Henry Suryawirawan: Yes, I can see. Yep.

Ryan Gottfredson: Yeah, I’m the same way. I could see all three mind levels in myself. So it’s not like we spend a hundred percent of our time in just one of these mind levels. So another powerful question that we can ask ourselves is, what is my center of gravity? What percentage of my time am I spending at each of these different levels? And you alluded to my vertical development assessment on my website. If you go there, it’s RyanGottfredson.com. It takes less than 10 minutes to take the assessment. But if you get your results, it’s going to help you identify what’s your center of gravity, right? It might say, Mind 2.0. That doesn’t mean you spend a hundred percent of your time at Mind 2.0, but that may be where you spend the most predominant amount of time there.

So there’s an assessment that can kind of help us awaken not just to our vertical altitude, but to our center of gravity. And I think one of the valuable things that I would encourage you to consider as you think about your center of gravity is what can I do on a daily basis to get in and stay in Mind 3.0? Cause I don’t think we get there by accident. We only get there by intention and building the habits that help us to be in a really sophisticated, a really cognitively and emotionally sophisticated state.

Henry Suryawirawan: Wow! Yeah. I like the concept that you mentioned, right? It’s like a spectrum. You don’t actually just fall in one bucket and that’s it, right? You behave everything perfect. And I think in your book, you also mentioned different situations, sometimes we also behave differently.

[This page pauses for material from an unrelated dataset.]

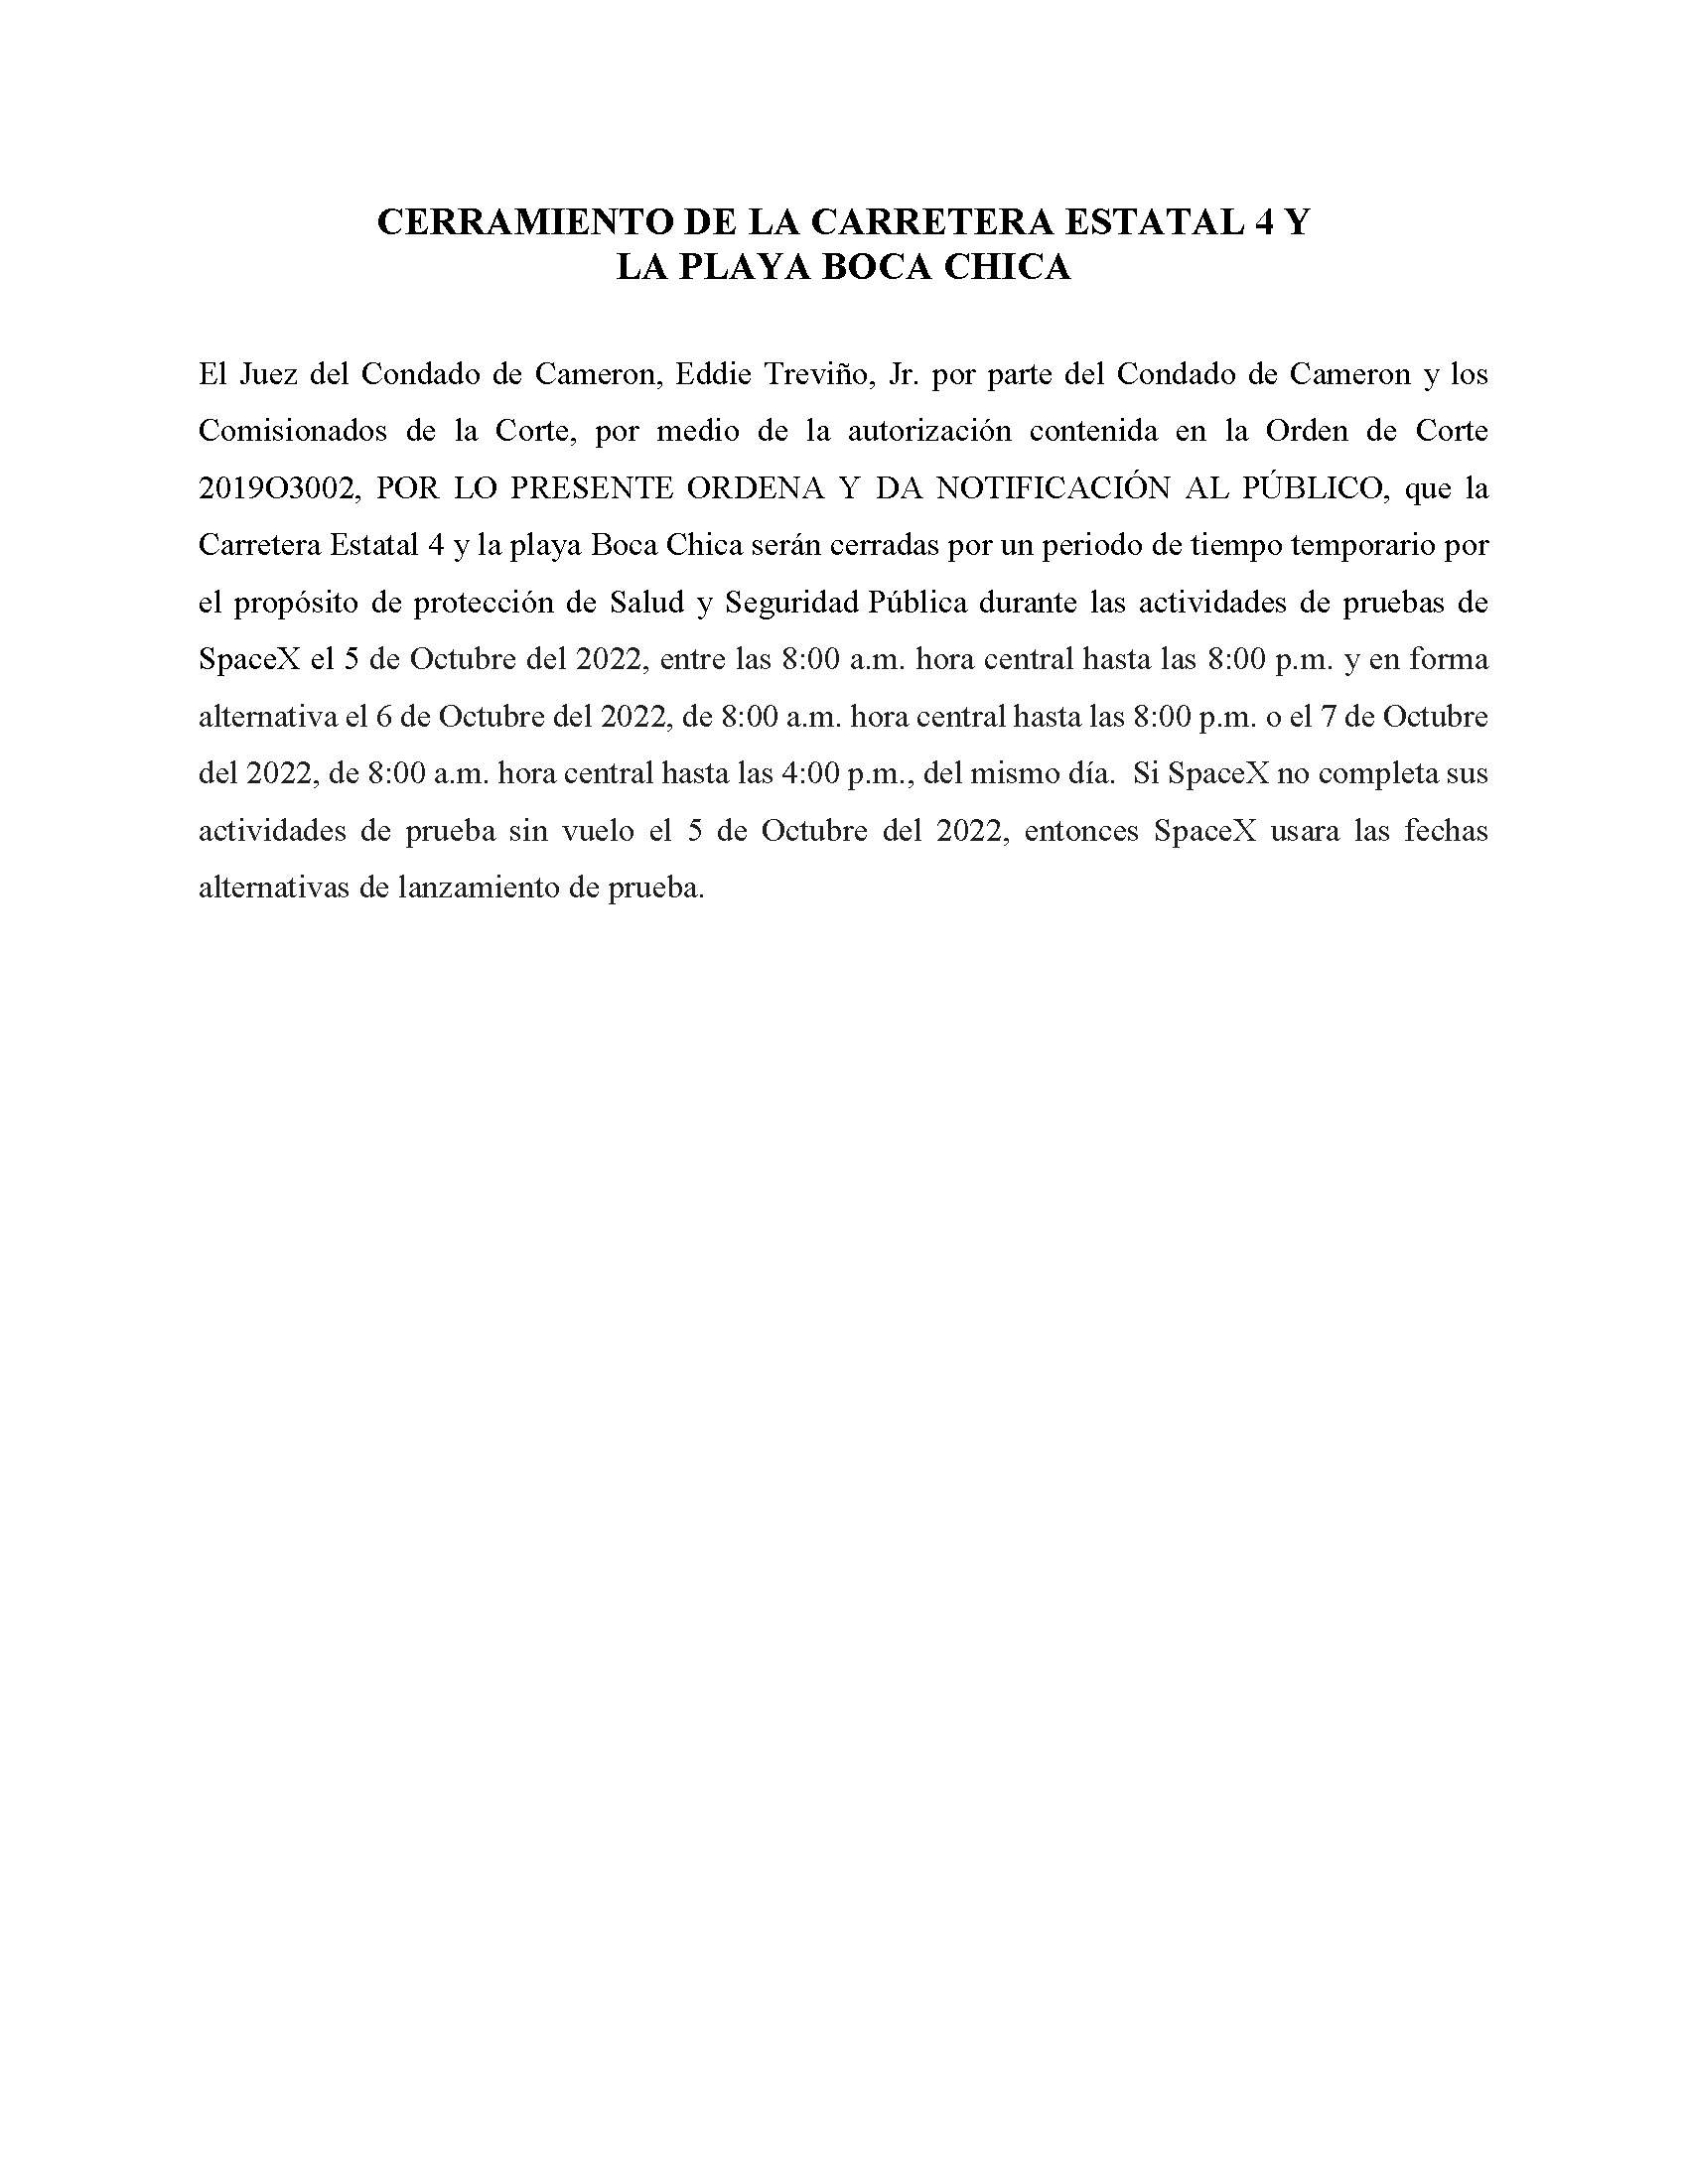 ORDER.CLOSURE OF HIGHWAY 4 Y LA PLAYA BOCA CHICA.SPANISH.10.05.2022

Like, for example, in one particular context, we might act as a Mind 1.0 leaders, while in maybe many aspects of the work, for example, you can act like Mind 2.0, Mind 3.0. So this is a spectrum, and it depends on the context, the situations, the behaviour as well. So thanks for highlighting that. And I like the concept of center of gravity. We can move towards different minds, but we tend to maybe go back to our center of gravity, and this is where we need to think about like how we can improve from there.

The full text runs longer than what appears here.